The role of AI in optimizing CMR image quality: A scoping review.
Authors
Affiliations (3)
Affiliations (3)
- Alliance Medical- City St George's, University of London, Northampton Square, London EC1V 0HB, United Kingdom. Electronic address: [email protected].
- City St George's, University of London - Everything MRI London, UK; City St George's, University of London, UK.

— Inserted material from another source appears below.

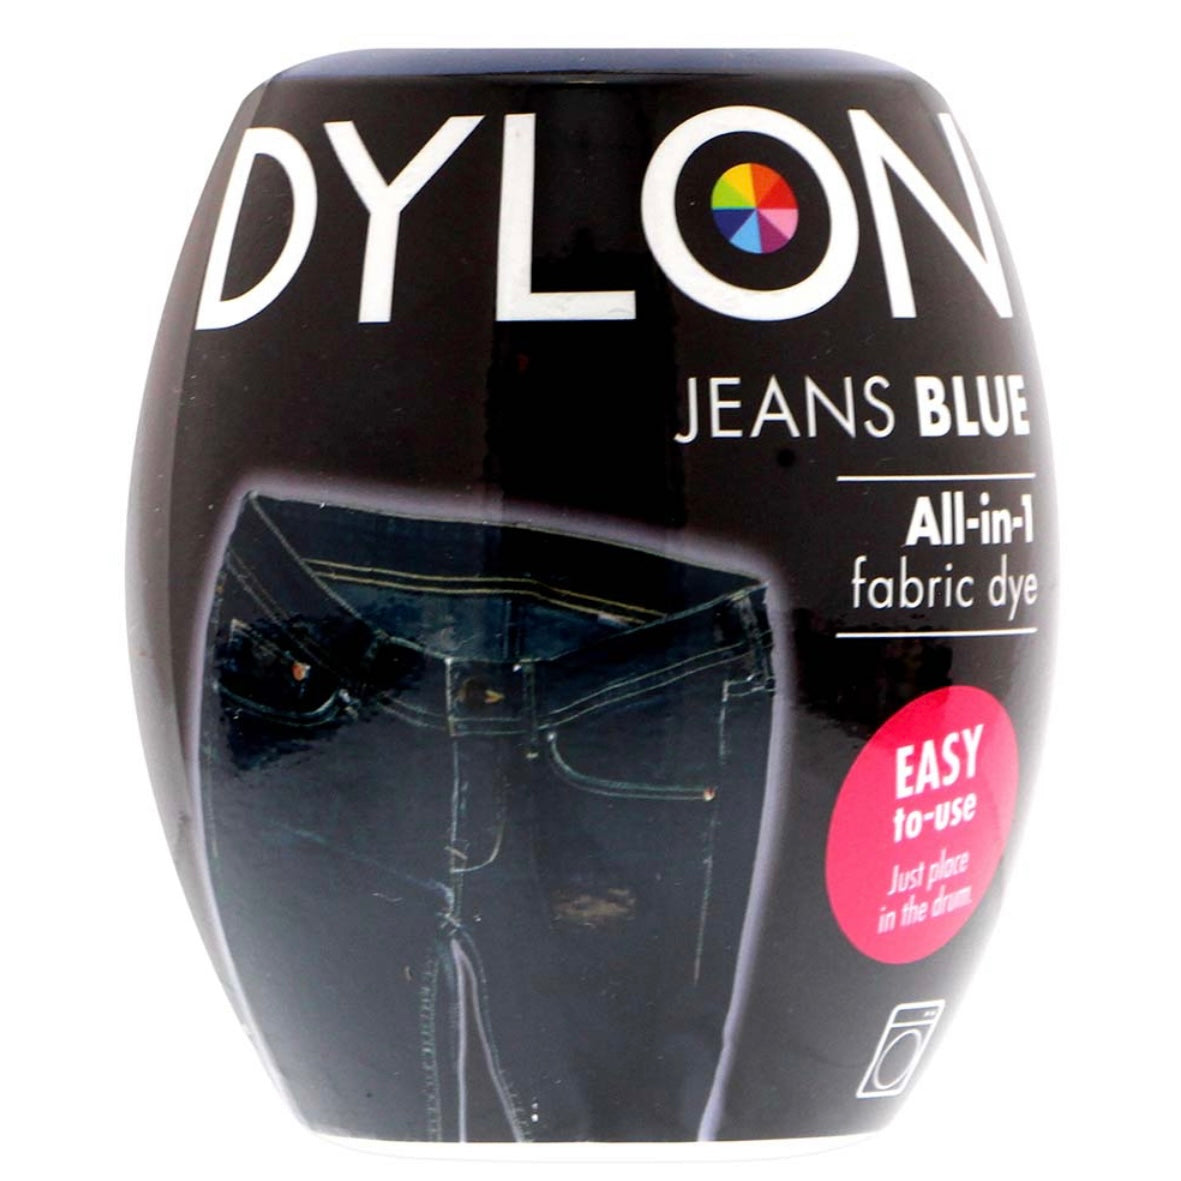 Rit Back to Black Fabric Dye Kit | JOANN

- City St George's, University of London, UK.
Abstract
Cardiovascular magnetic resonance (CMR) imaging is a powerful tool for assessing cardiac anatomy and function but remains limited by average image quality due to artefacts and long acquisition times, and complex and often too long breath-holds. Deep learning methods have recently been applied and show potential to shorten scan times by 70-80 % while improving image quality, enhancing clinical efficiency. The aim of this study is to summarise the different AI-enabled methods for improving CMR image quality, including scanning time, as a key determinant for artefact reduction. A scoping review was conducted according to PRISMA guidelines. The articles were screened and reviewed by two researchers. A qualitative thematic synthesis was conducted and a CASP-mediated risk of bias assessment was performed. The eligible articles were thirty-one. These articles were thematically categorised in four subgroups, based on emerging themes: scan acceleration, artefact detection, artefact reduction, image reconstruction. A table with significant results for each theme has been presented and results were discussed qualitatively. AI demonstrated consistent improvements across the four subgroups. For scan acceleration, deep learning achieved approximately a 70-80 % reduction in scan duration maintaining or even improving image quality. For artefact detection, convolutional neural networks achieved on average a 90 % accuracy in detecting artefacts, across multiple metrics, indicating reliable artefact identification and strong agreement with human experts. AI models effectively reduce artefacts and enhance image quality, achieving consistently better reconstruction accuracy, sharper edges, and faster processing compared to conventional methods. Finally, for image reconstruction, generative adversarial networks enhanced structural similarity by approximately 56 % (SSIM 0.591 → 0.925). Together, these results illustrate the potential of AI to optimise CMR image quality. AI can be an effective tool in addressing many of the CMR imaging challenges and thus improving image quality.